*** Block opens ***

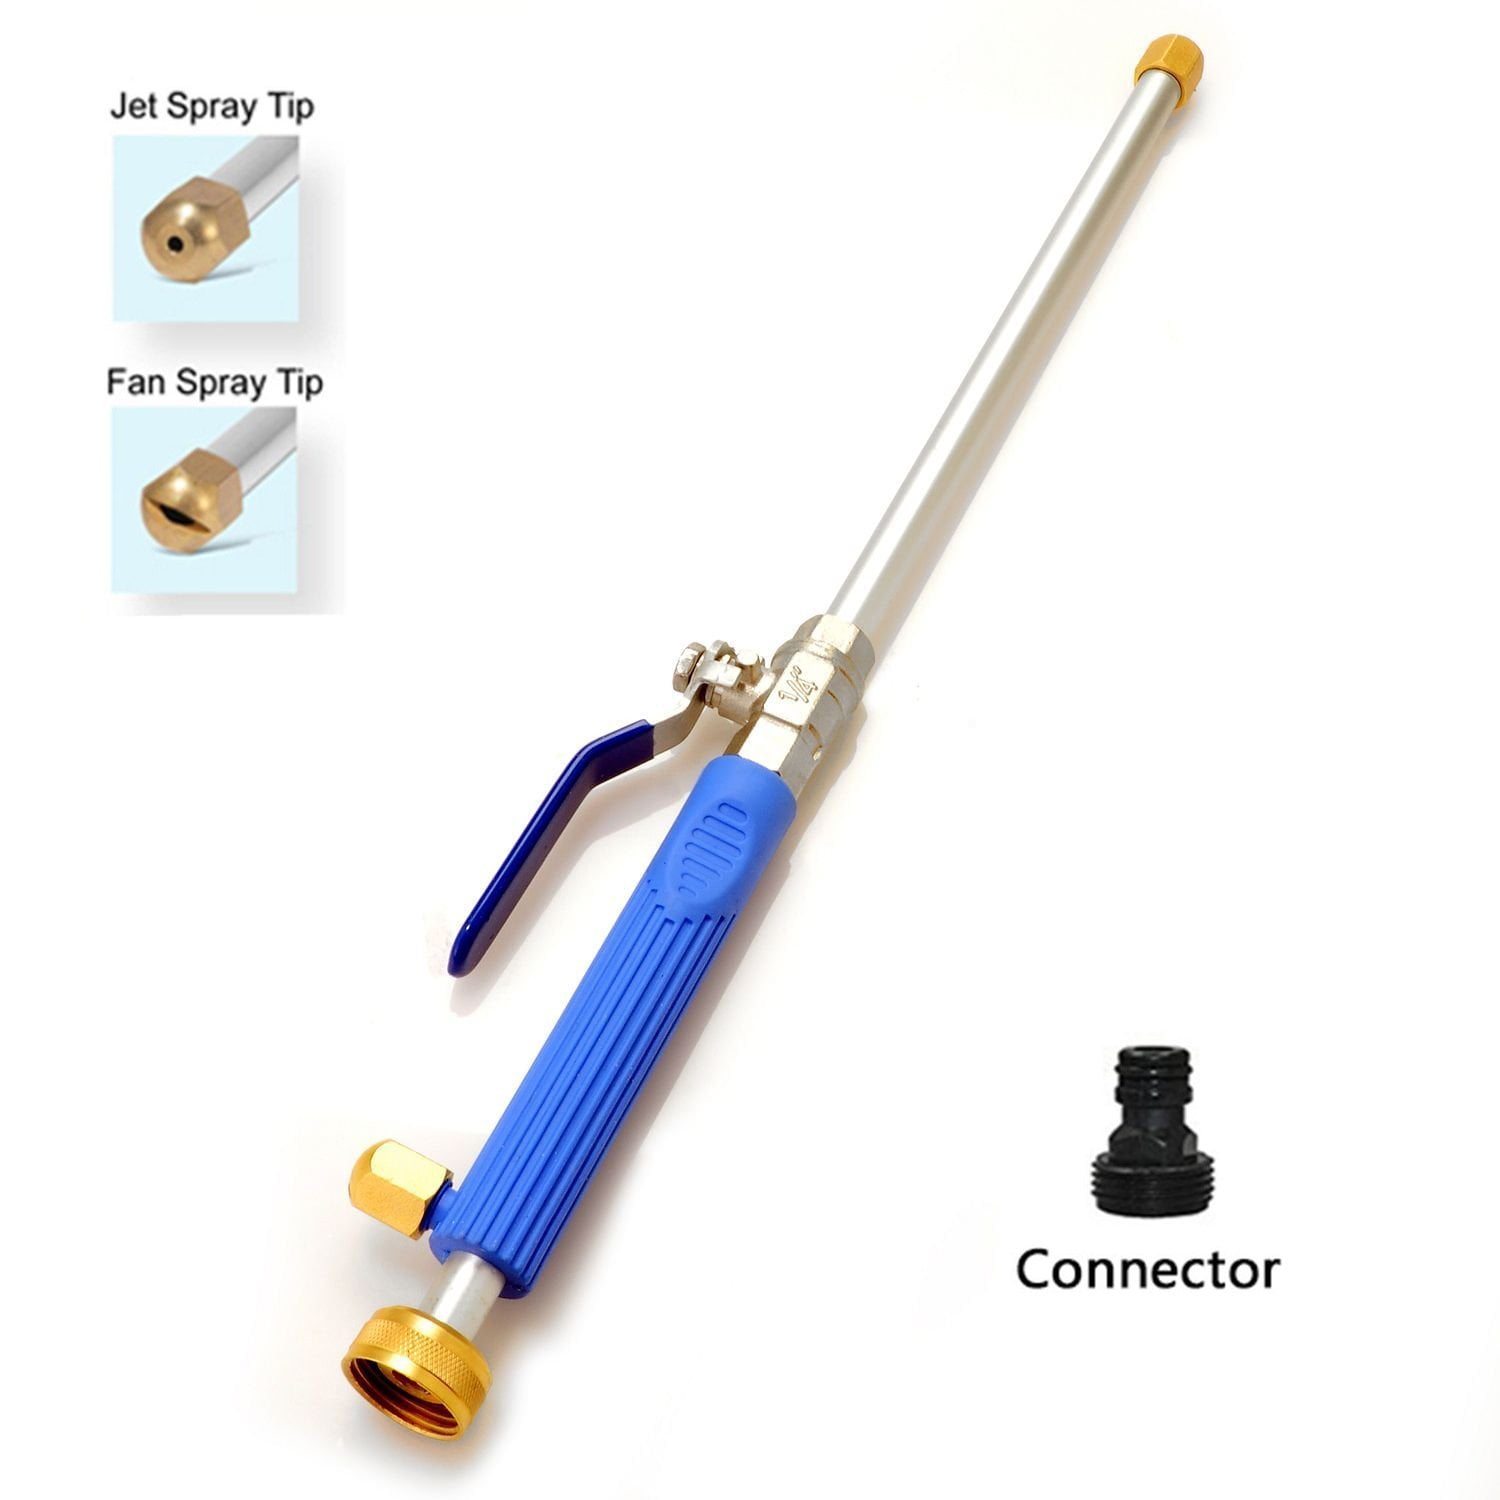 Scrubbing Mitt and Soap Dispenser Round Nozzle + Fan Nozzle Jet Car Washer High Pressure Power Hose Nozzle Wand Glass Window Cleaning Sprayer Extendable Home Garden Car Water Washing 
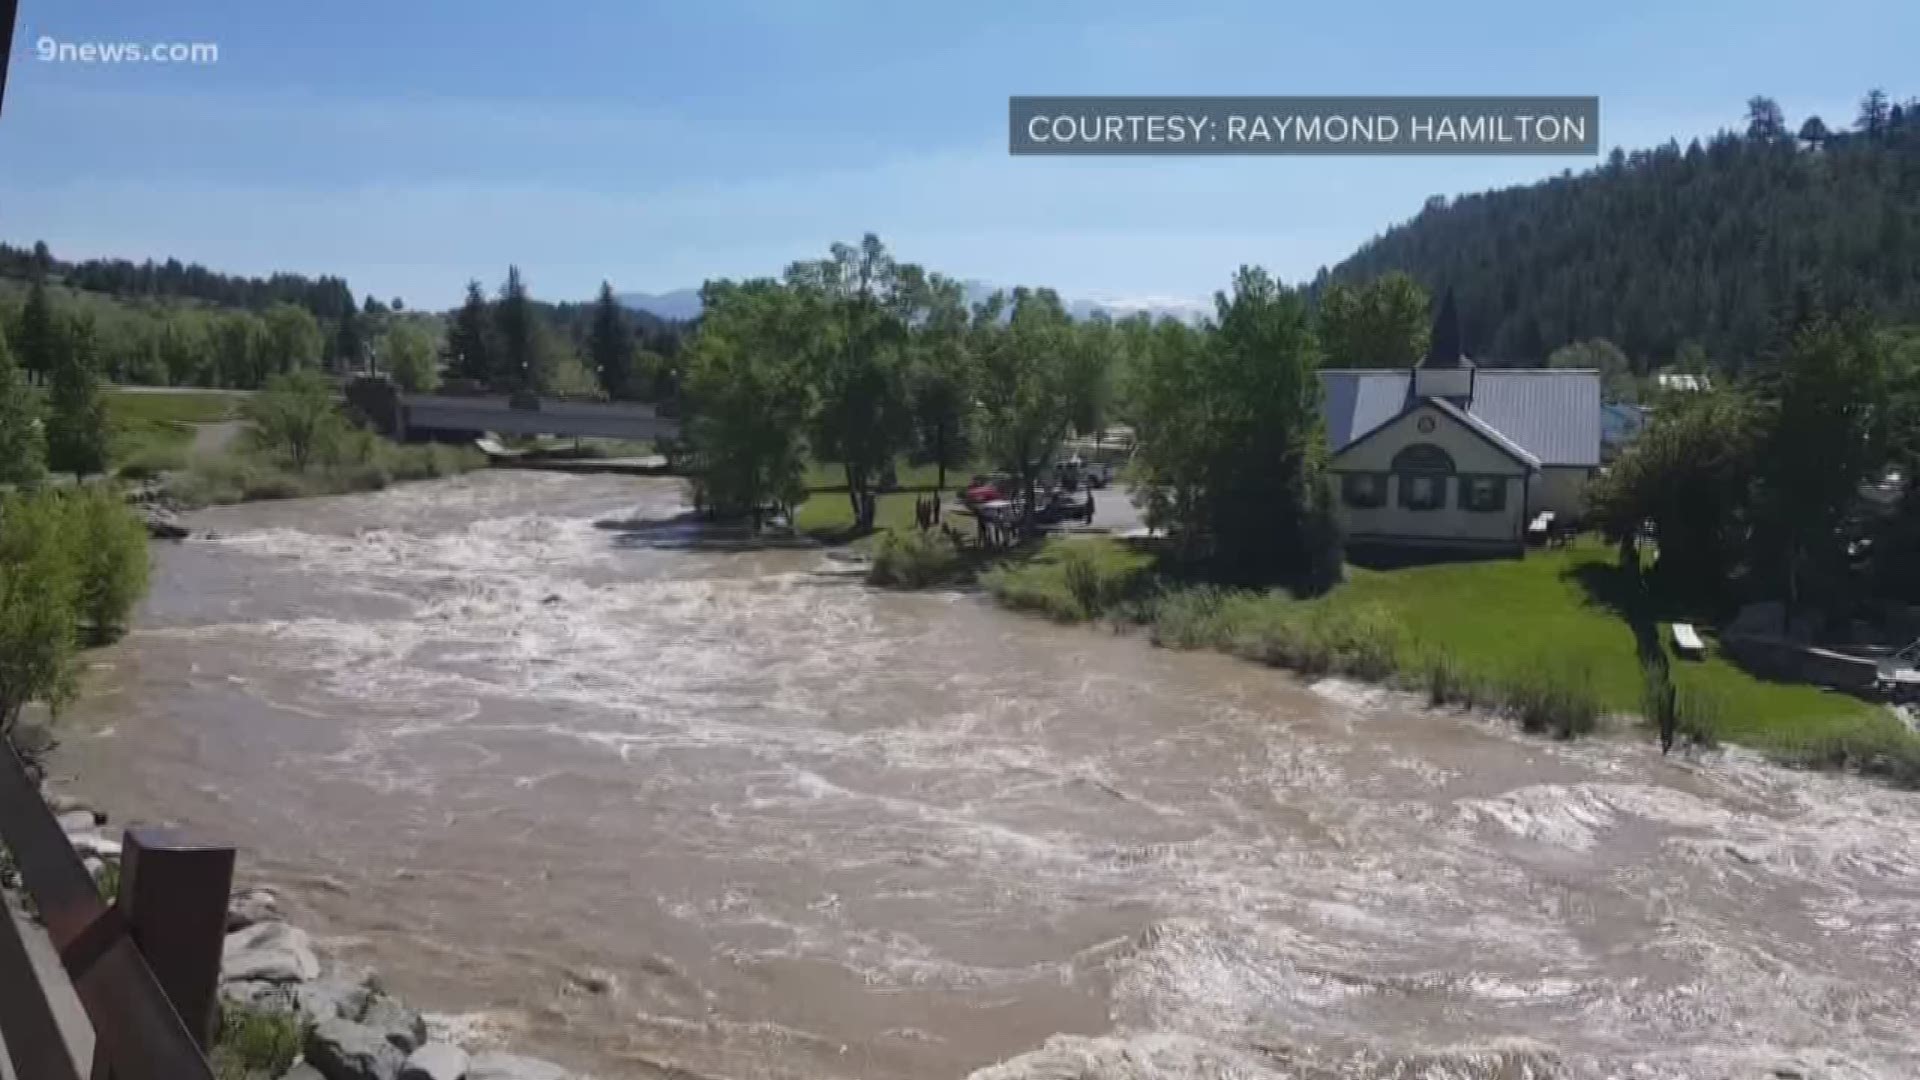 Water is rising in Colorado's rivers as record snowpack starts to melt
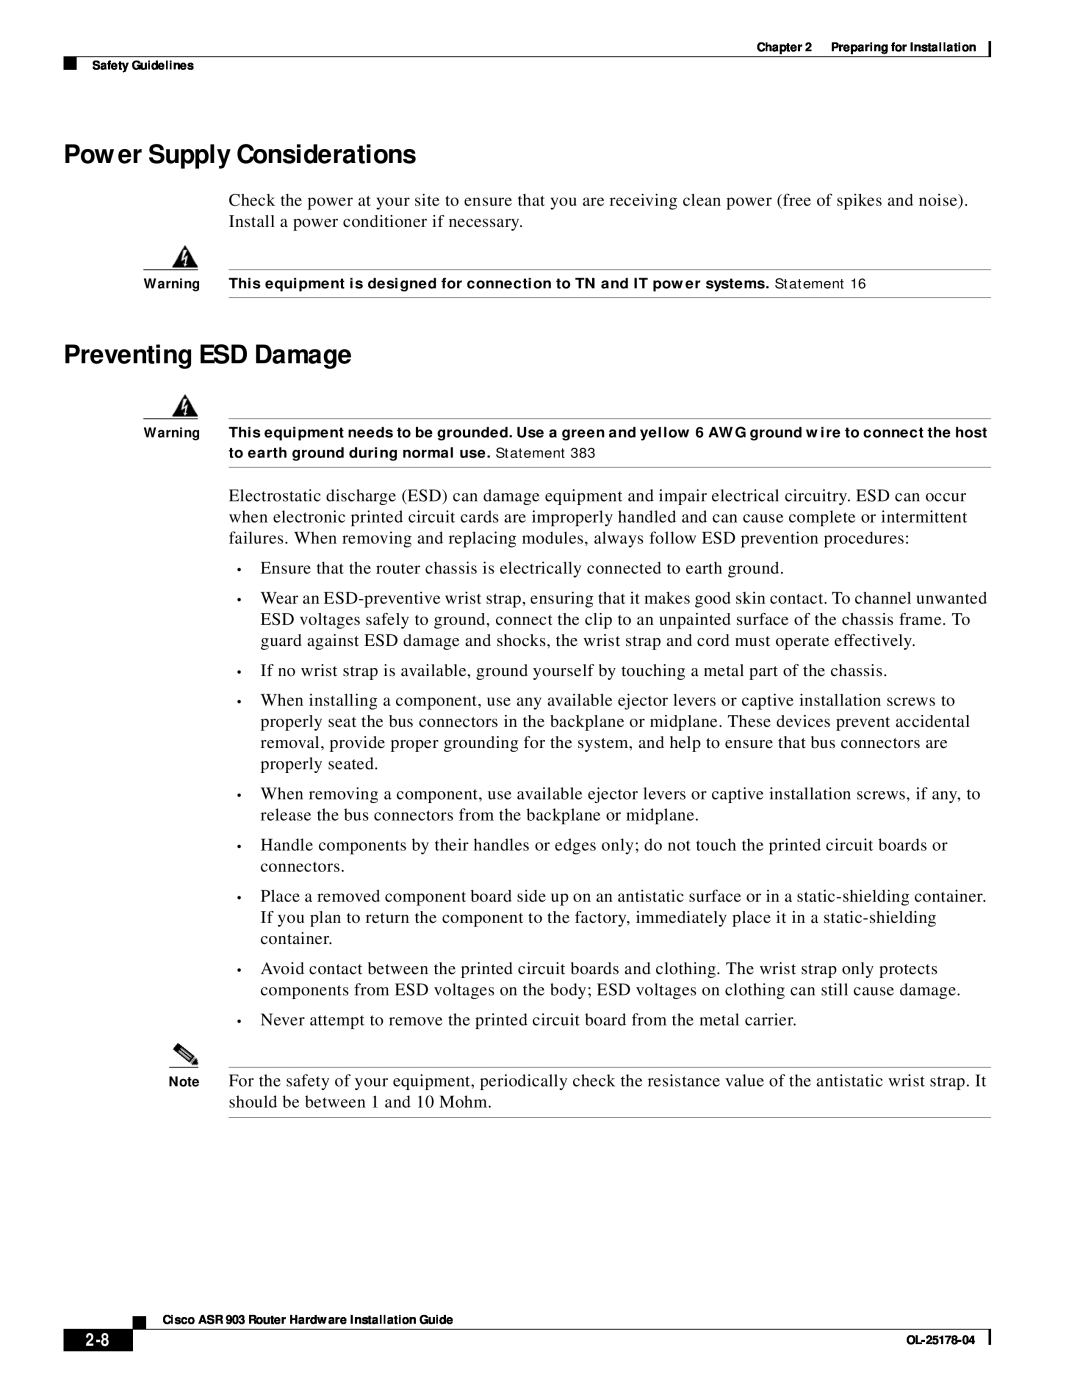 Cisco Systems ASR 903 manual Power Supply Considerations, Preventing ESD Damage

*** Block closes ***

WHAT TO WORK ON
This exercise asks for the data above to be given again exactly, without pictures.

RESPONSE TO THIS EXERCISE
 Scrubbing Mitt and Soap Dispenser Round Nozzle + Fan Nozzle Jet Car Washer High Pressure Power Hose Nozzle Wand Glass Window Cleaning Sprayer Extendable Home Garden Car Water Washing 
 Water is rising in Colorado's rivers as record snowpack starts to melt
 Cisco Systems ASR 903 manual Power Supply Considerations, Preventing ESD Damage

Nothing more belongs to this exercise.